Setelah Rasulullah saw. wafat, hampir tiga puluh tahun beliau bernaung di bawah didikan ayah-nya, Ali bin Abi Thalib. Ketika Ali bin Abi Thalib syahid, Imam Hasan as mulai menjabat keimamahan sebagai khalifah Islam yang kelima.


Selama kepemimpinannya, beliau dihadapkan kepada kelompok yang sangat memusuhinya dan memusuhi ayahnya, yaitu Muawiyah bin Abi Sufyan. Mereka sangat berambisi pada kekuasaan dan selalu merongrong dan menyerang Imam Hasan as dengan kekuatan pasukannya. Sementara dengan kelicikannya dia menjanjikan hadiah menarik bagi jenderal dan pengikut Imam Hasan yang mau menjadi pengikutnya. 


Karena kelicikan Muawiyah, banyak pengkhianatan yang dilakukan pengikut Imam Hasan as. Pada akhirnya Imam Hasan as pun menerima tawaran Muawiyah. Perdamaian bersyarat itu di- maksudkan agar tidak terjadi pertumpahan darah yang lebih banyak dari kalangan Muslimin. Namun Muawiyah mengingkari seluruh perjanjian itu. 
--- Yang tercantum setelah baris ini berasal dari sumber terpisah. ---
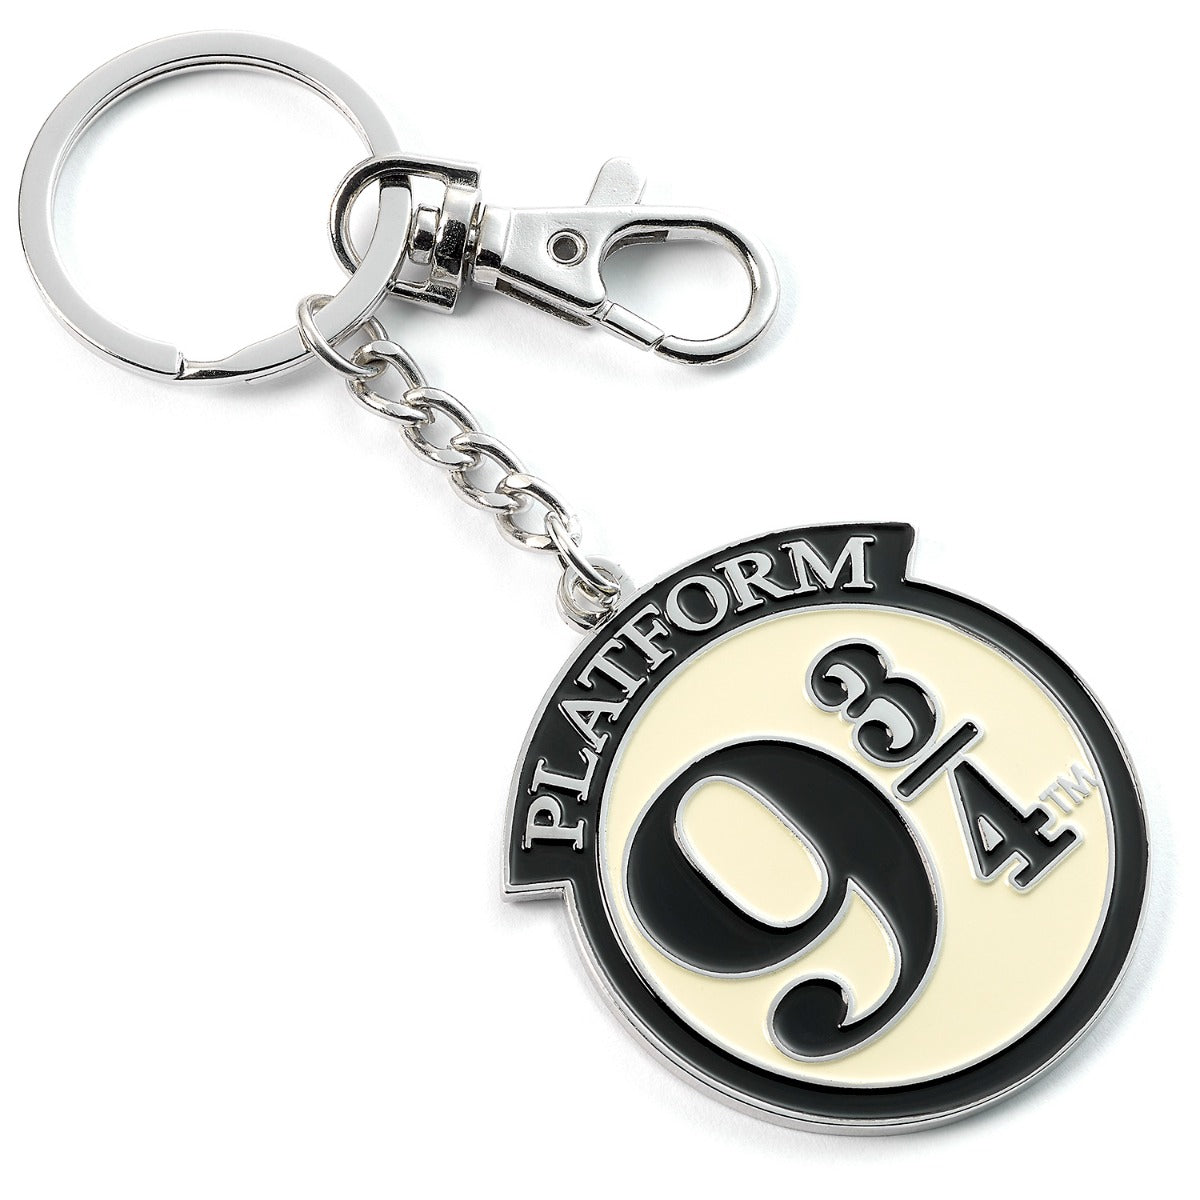 Load image into Gallery viewer, Platform 9 3/4 (Harry Potter) Keychain
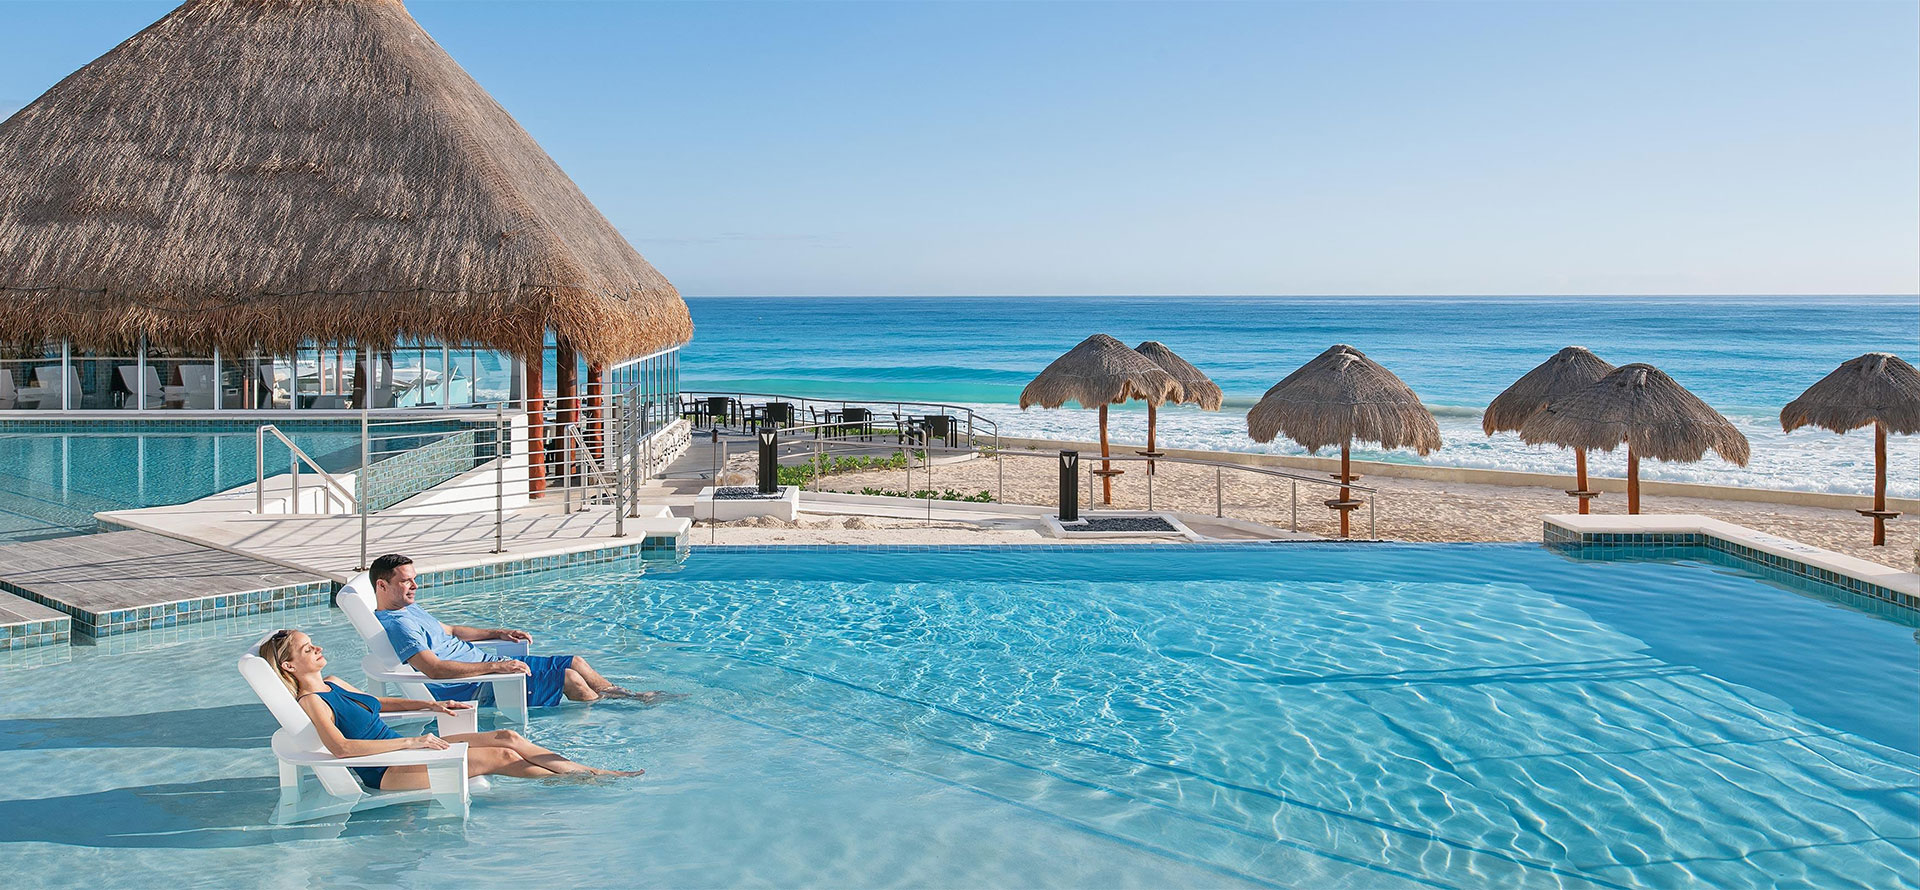 Cabo and cancun swimming pool.

Kejahatannya kian merajalela, terutama kepada keluarga Rasul Saw dan orang yang mencintai mereka. Siapapun yang mencintai keluarga Nabi Muhammad Saw akan diintimidasi dengan kekerasan dan perlakuan yang tidak senonoh.


Pada tahun 50 Hijriah, beliau dikhianati oleh isterinya, Ja'dah binti Ash'ad yang menaruh racun ke dalam minuman Imam Hasan as. Menurut sejarah, Muawiyah adalah dalang di balik konspirasi pembunuhan putra tercinta Rasulullah saw ini. Akhirnya, pribadi mulia yang dịcintai Rasulullah Saw itu berpulang ke rahmatullah sebagai syahid. Upacara pemakamannya dihadiri oleh Imam Husein as dan keluarga Bani Hasyim. 


Saat prosesi pemakaman, ada pihak-pihak yang tidak setuju bila Imam Hasan as dikuburkan di sisi makam Rasulullah saw. Ketidaksetujuan itu dibuktikan dengan hujanan anak panah ke keranda jenazah suci Imam Hasan as. Setelah kesekian kalinya keluarga Rasul saw dianiaya, maka mereka harus kembali bersabar. Mereka kemudian mengalihkan pemakaman Imam Hasan as ke Jannatul Baqi' di kota Madinah.


Namun celakanya! Pada tanggal 8 Syawal 1344 H (21 April 1926), pekuburan Baqi' diratakan dengan tanah oleh pemerintah yang baru berkuasa di Hijaz saat itu, yaitu Dinasti Saud. Kini Imam Hasan as telah tiada, bahkan secara keji lokasi pemakamannya juga digusur. Namun perjuangan serta pengorbanan yang diberikan kepada Islam akan tetap hidup di sanubari setiap insan yang mengaku pencinta Muhammad saw dan Ahlulbaitnya.


Rujukan:

  1. Abdullah Harri, 16 Tokoh Keluarga Nabi Saw, Pendekar Islam Sejati, Cet. Al-Qalam, h. 39-44.
  2. Al-Arbili, Kayf al-Ghummah, Jld. II, h. 296
  3. Shahih Bukhari, kitab al-Libas, bab al-Sakhab li al-Shibyan, no hadis 5545.